Hard-working director Ben Wheatley also made High-Rise (the best film of 2015) but came out to the general public in 2016, but Free Fire which similarly I first saw in 2016 but didn’t come out to the public till 2017, is a radically different film. The first act of the film is about a 1978 IRA gun deal in Boston that quickly goes wrong. The entire film that follows is essentially a 90-minute shootout within a warehouse.
Wheatley is a director who has the ability to do action, drama and comedy (as seen in High-Rise), but Free Fire is more comedic. There are lots of really great actors, starting with Sam Riley as one of the buffoons trying to be arms dealers, who kicks off the conflict. Cillian Murphy, Armie Hammer, Brie Larson and many more make up an excellent ensemble cast. They are joined by a few actors, like Michael Smiley, who are almost always in Wheatley’s films.

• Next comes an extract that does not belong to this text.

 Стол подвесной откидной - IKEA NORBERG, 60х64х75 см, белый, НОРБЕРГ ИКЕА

If you wanted to be really pretentious, you could say Free Fire is Wheatley’s The Exterminating Angel. A group of people cannot leave a location, and it becomes increasingly absurd. All of the characters are ridiculous, with Armie Hammer especially hilarious in his role as the biggest twat from one of the gangs, who is trying to facilitate the deal. Sharlto Copley gives Hammer a run for his money as a South African gang member who is equally absurd.

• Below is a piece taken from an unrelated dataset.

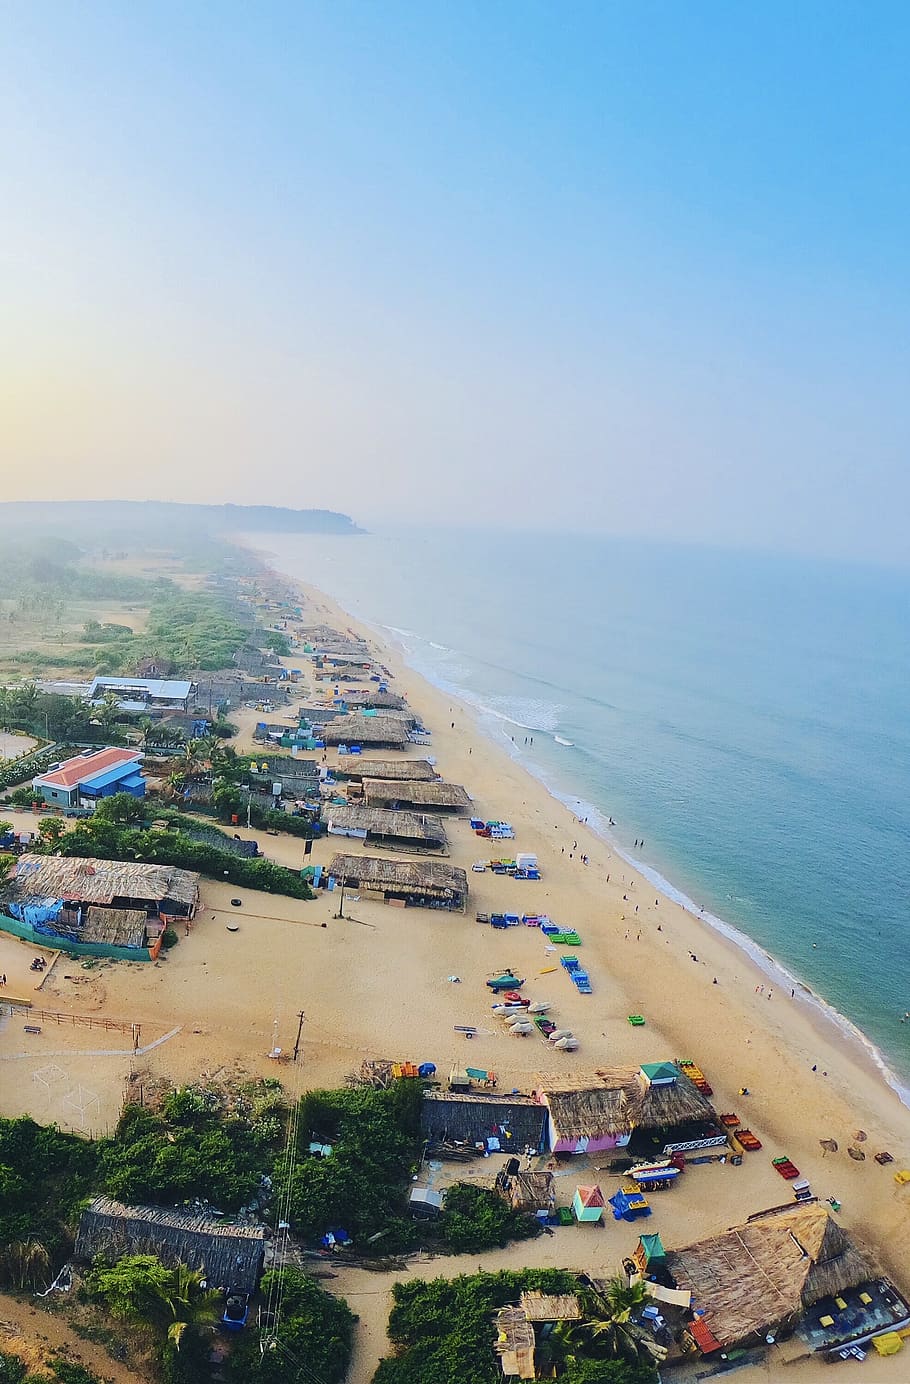 Calangute beach in Goa

The main reason Wheatley set it in the 1970s was to ensure that there were no mobile phones in the film. Obviously, this would have ruined the whole precept. All of the action takes place in a single night.
The film looks great. It’s a very contained piece, shot back to back with his other project the same year. The performances and the excellent script by Wheatley and his wife Amy Jump make it great fun—an action film with hilarious dialogue. If it was any longer than its 90 minutes it would not be so perfectly paced.

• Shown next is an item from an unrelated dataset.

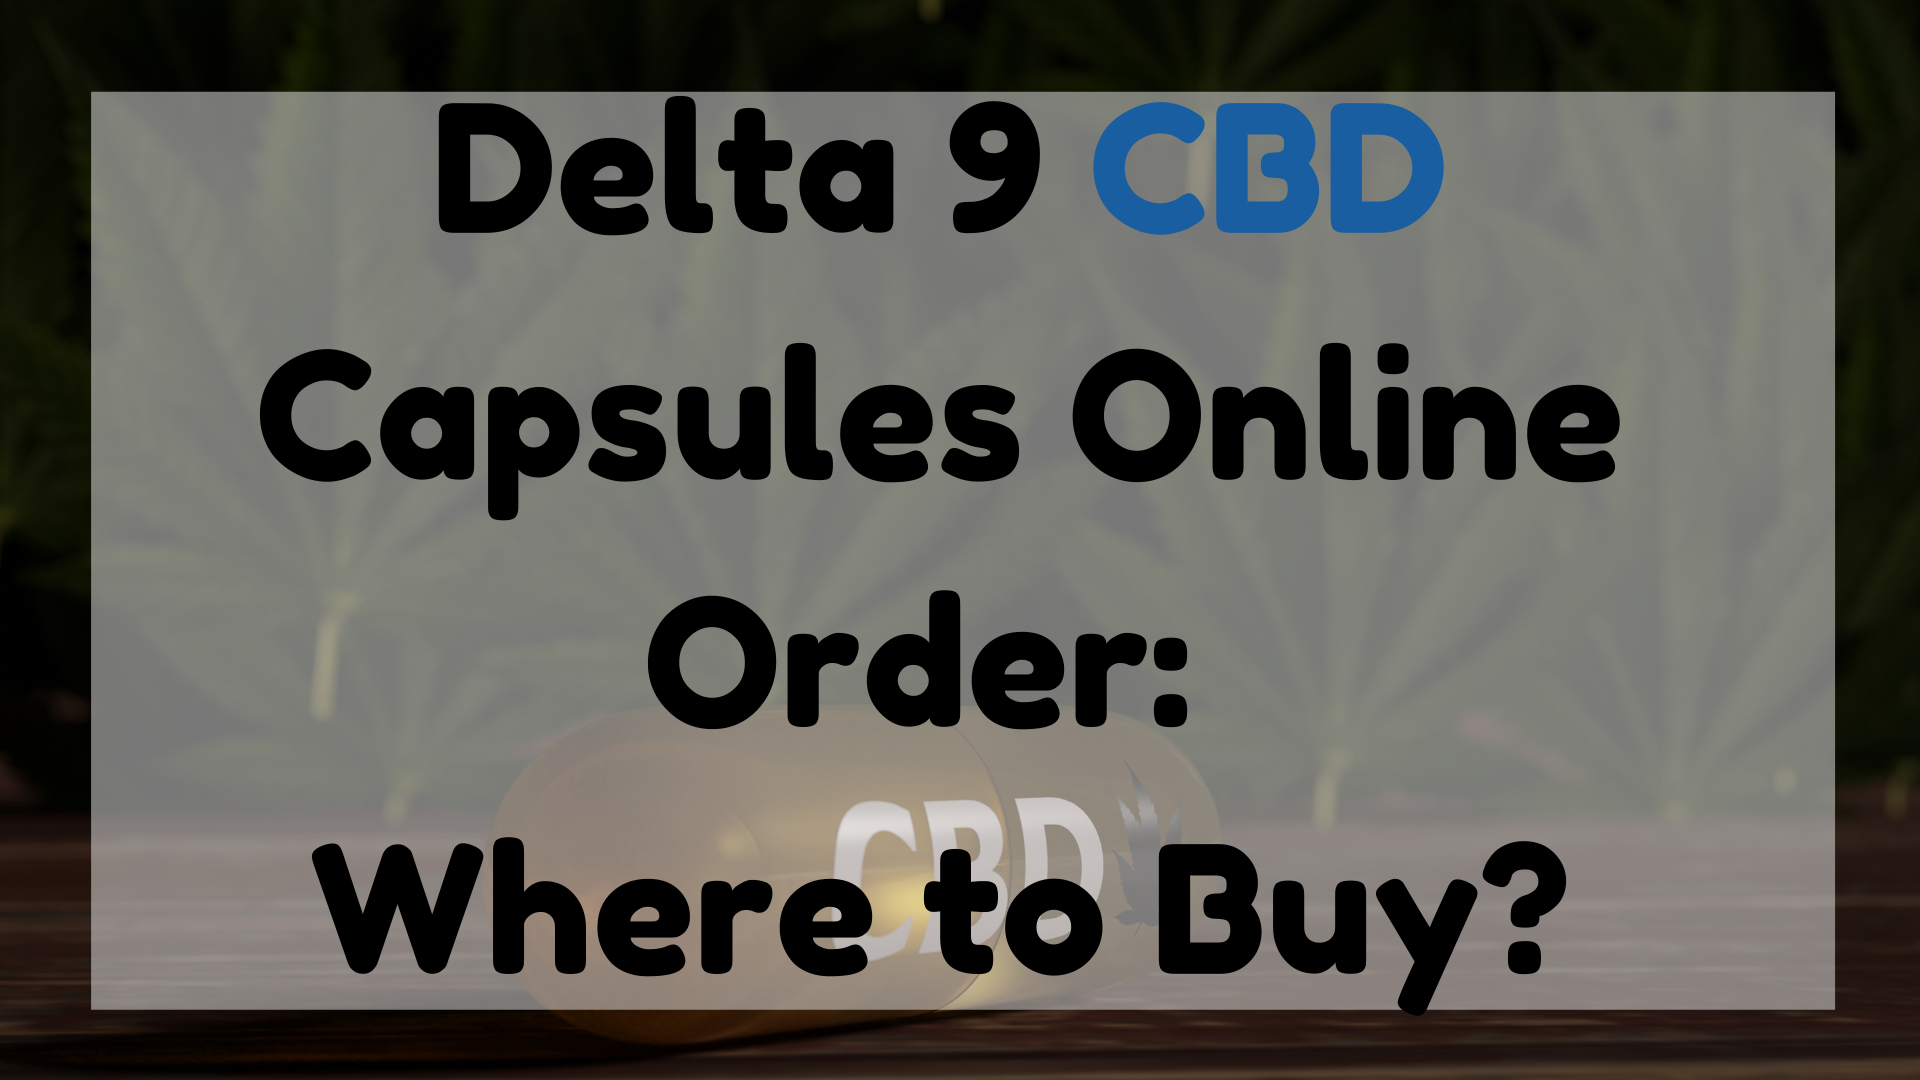 Delta 9 CBD Capsules Online Order

The disc includes a commentary featuring Wheatley and some of the cast, a making-of featurette, and two more interviews: one with Wheatley, and one with Murphy and Smiley. Wheatley is one of the very few British directors with any vision: his last four films have really shown him to be one of the very few great filmmakers currently working. Bring on his next film, Freakshift, which is about women with shotguns fighting giant crabs! It should be shooting any day now.